Here’s how it works: Like players of Geocaching, which describes itself as a real-world treasure hunt, Ingress players must get off the couch and go out into the physical world in order to capture ”portals.” Anything can be a portal—a train station, a mailbox, even a shop. The game combines the best of online multiplayer games with exercise and recreation. Enthusiastic players make new friends through the game too.

Made by Niantic, which functions as a start-up within Google, Ingress was released in December 2012 as an invite-only beta. The game only went public—for Android users—in October last year. In that time, it has been downloaded over five million times, though the actual number of players is estimated to be much lower. Observers were initially baffled by Google’s motivations for the game. Some speculated that perhaps it was a way for the internet giant to collect real-world walking paths and patterns to help make its map products ever better.

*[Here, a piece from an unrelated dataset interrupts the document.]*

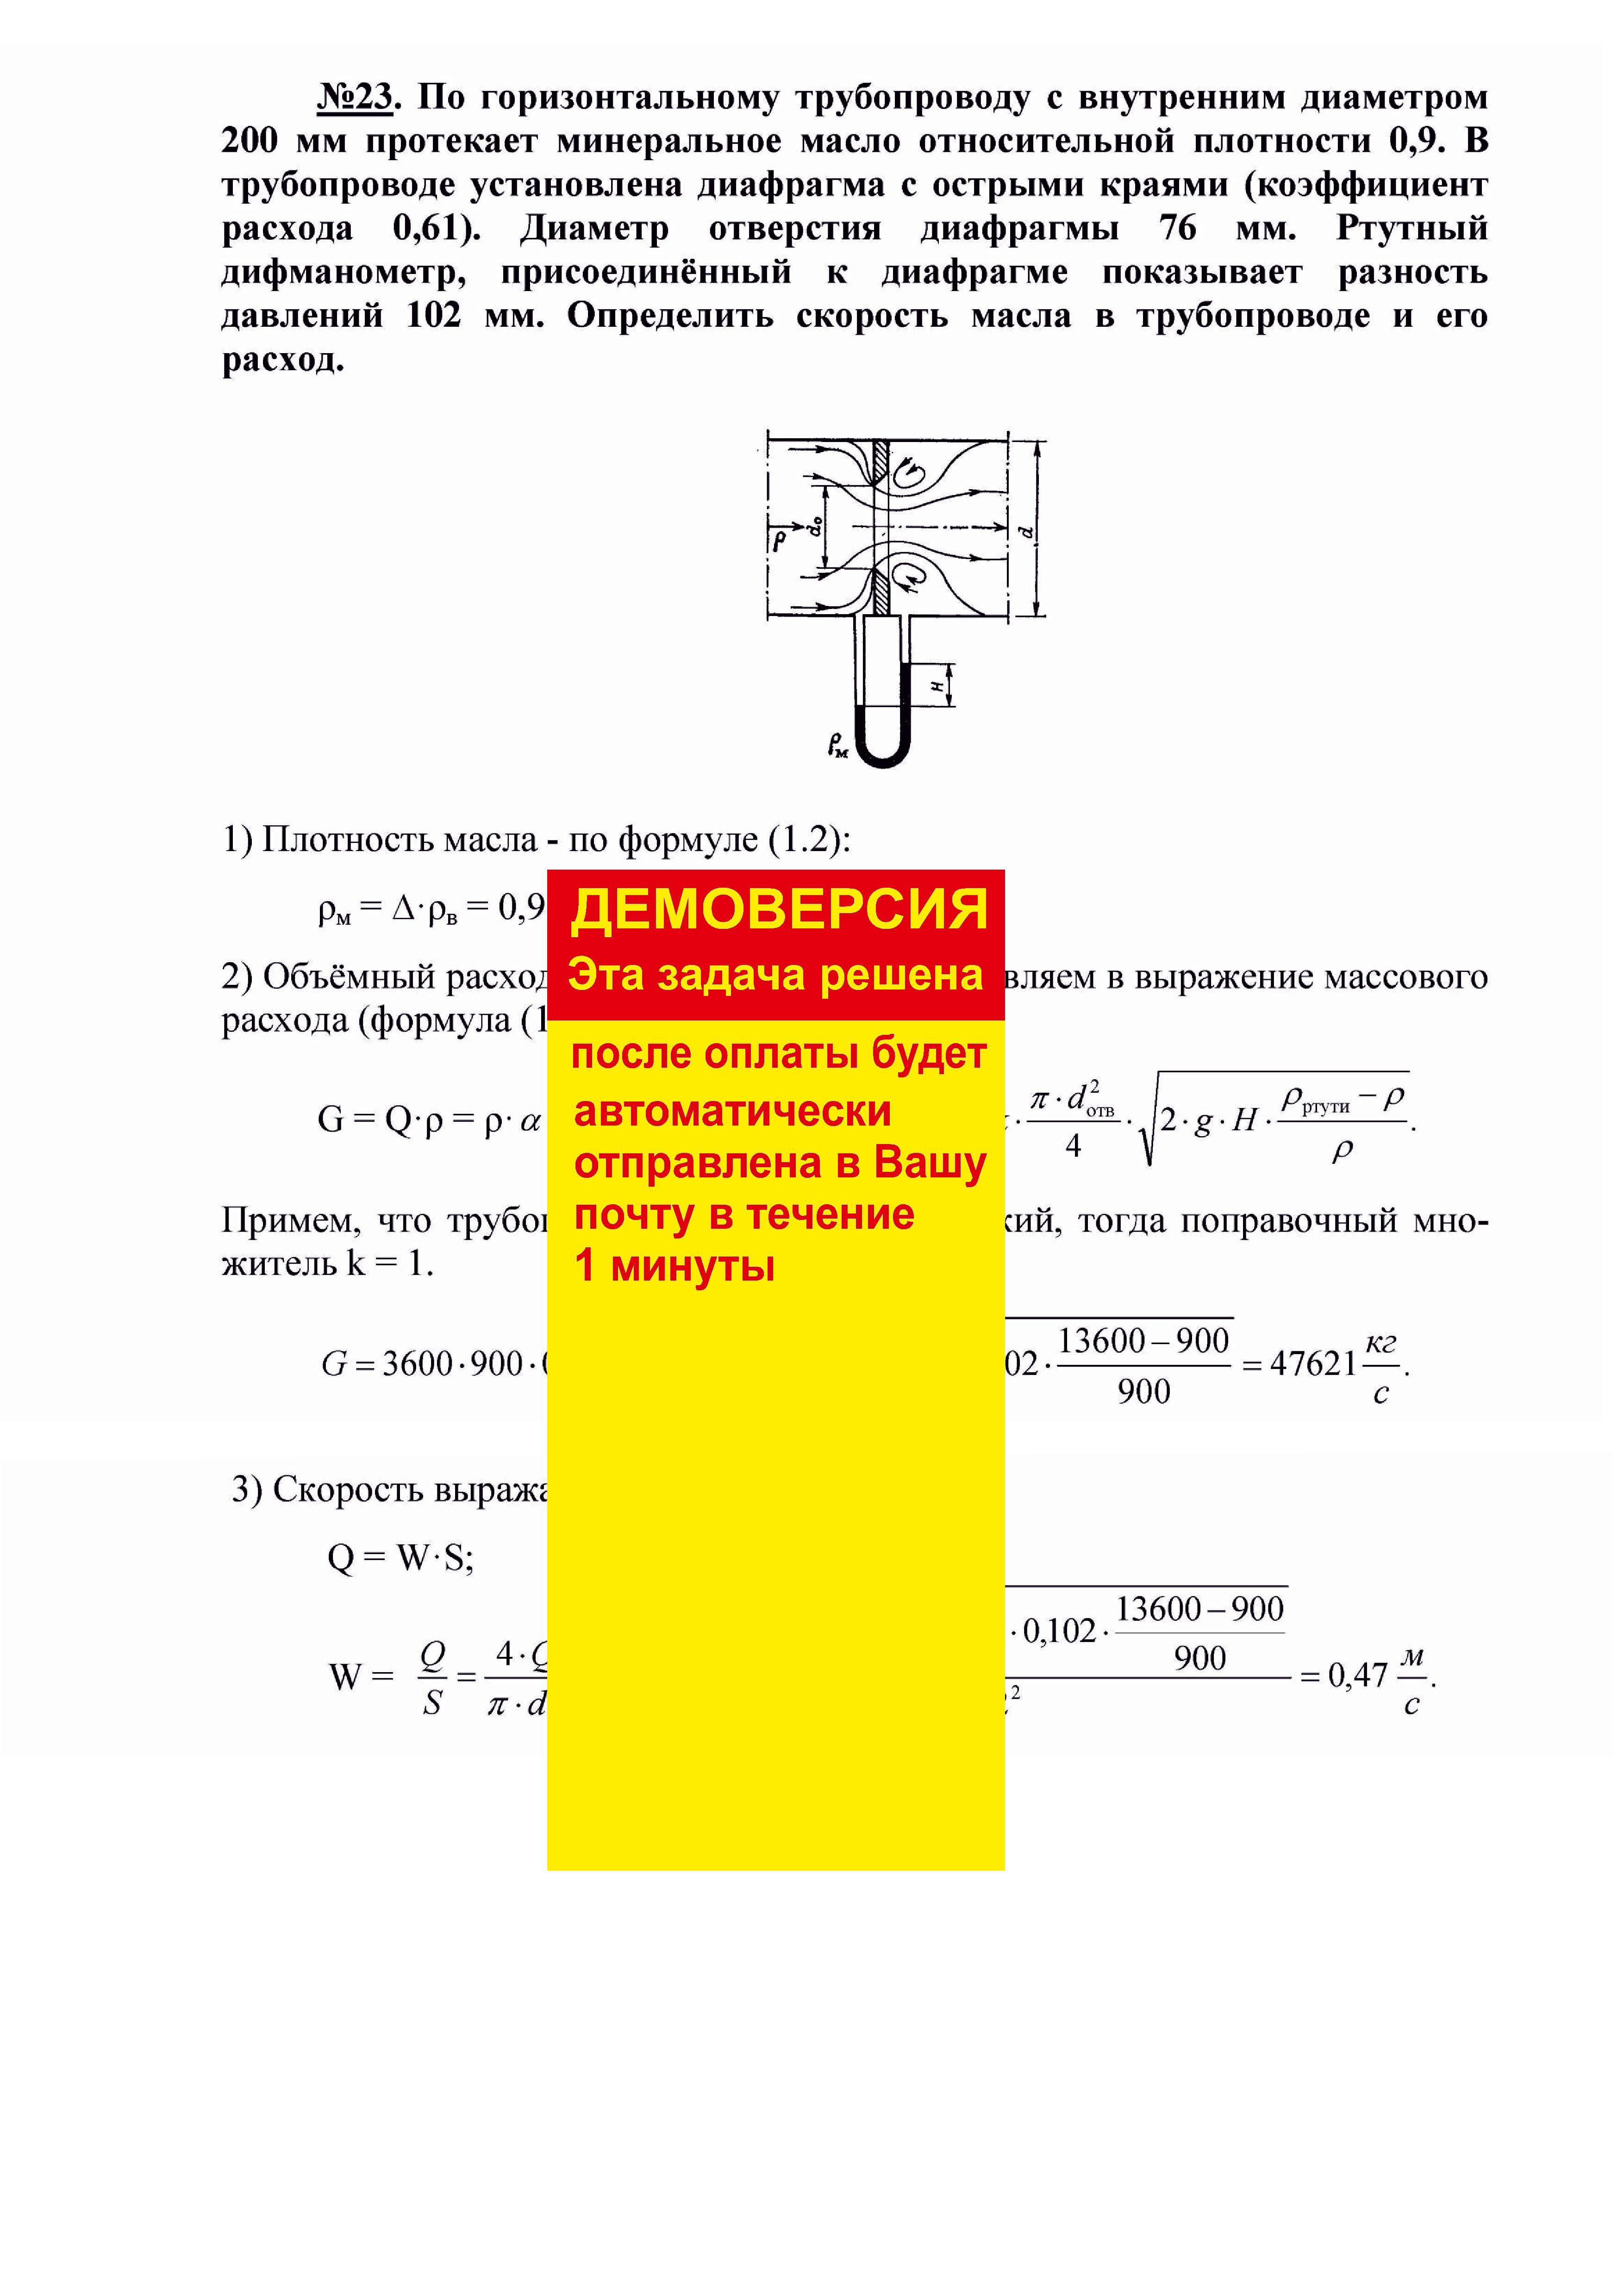 Решение задачи 1.23 по ПАХТ из задачника Павлова Романкова Носкова

But the advertising rewards are also immense. While the number of Ingress players is estimated at a million or less—a vanishingly small number compared to the audience for ads on Google search and other products—there is a great deal more value for advertisers in having a users walk into shops than ignore a blink-and-you-miss-it ad on the web. Duane Reade, a pharmacy chain in the US, last year became the first firm to advertise in this manner with Ingress. Here’s how The Verge described it at the time:

In the coming days, each Duane Reade store will place some kind of game asset inside the premises, as well as a participation sticker outside. Players will then come in, find the asset, and scan its code (which can only be used once but can be shared with others) to unlock one of several in-game tools or weapons.

More recently, JCDecaux, one of the world’s biggest outdoor advertisers, teamed up with Ingress to turn some of its display ads into portals. Nick Hide of CNET.com reports that London portals are often pick-up locations for Zipcar, a car-sharing company.